More than half a million people file for bankruptcy each year in Ohio and around the country because they have medical bills they cannot afford to pay or encountered financial difficulties after an illness or injury prevented them from working. That was just one of the discoveries academics made when they studied personal bankruptcies filed between 2016 and 2019. Researchers also noticed that about two-thirds of the Chapter 7 and Chapter 13 bankruptcy filings in the United States are linked to medical issues and debt.
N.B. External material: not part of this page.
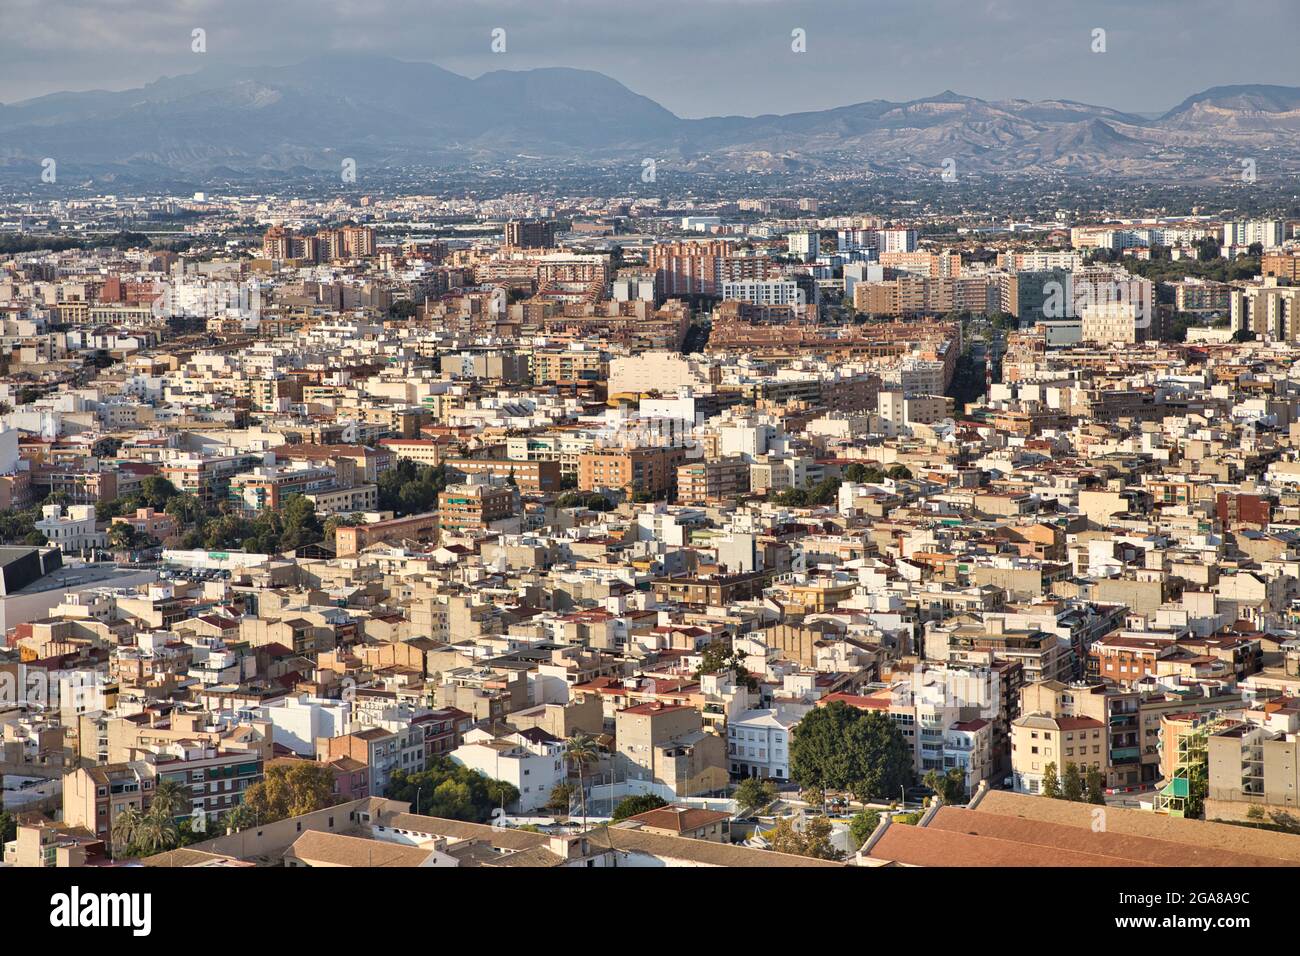 An aerial view westwards of Alicante city from the castle of Santa Barbara high up on a promontory, Alicante, Spain Stock Photo

The study, which was published in 2019 in the American Journal of Public Health, also reveals that many of the Americans who seek debt relief because of medical debt had health insurance coverage when they were injured or got sick. However, they quickly learned that the affordable policies they purchased or the coverage they received from their employers did not pay all of the costs of the treatment they needed.
The Affordable Care Act
When lawmakers passed the Affordable Care Act in 2010, one of their primary goals was reducing the number of medical debt-related bankruptcies. The results of the 2019 study suggest that the landmark law has been a failure in this regard as the percentage of the Chapter 7 and Chapter 13 petitions linked to health issues has actually risen in recent years. The problem is that most Americans do not earn enough to put money aside to cover unexpected bills like health care costs. When a personal finance website surveyed consumers about their savings, only four in 10 of the respondents said that they could pay an unforeseen $1,000 expense without using credit cards or borrowing from family members of friends.
Bankruptcy myths and automatic stays
If you are struggling with a financial situation that is likely to get worse rather than better, an attorney with experience in this area could explain how filing for bankruptcy could give you an opportunity to make a fresh start. An attorney could also dispel the myths surrounding bankruptcy and mention that the automatic stay that is issued when a Chapter 7 or Chapter 13 petition is filed orders creditors to cease their collection efforts and stops debt-related wage garnishments and litigation.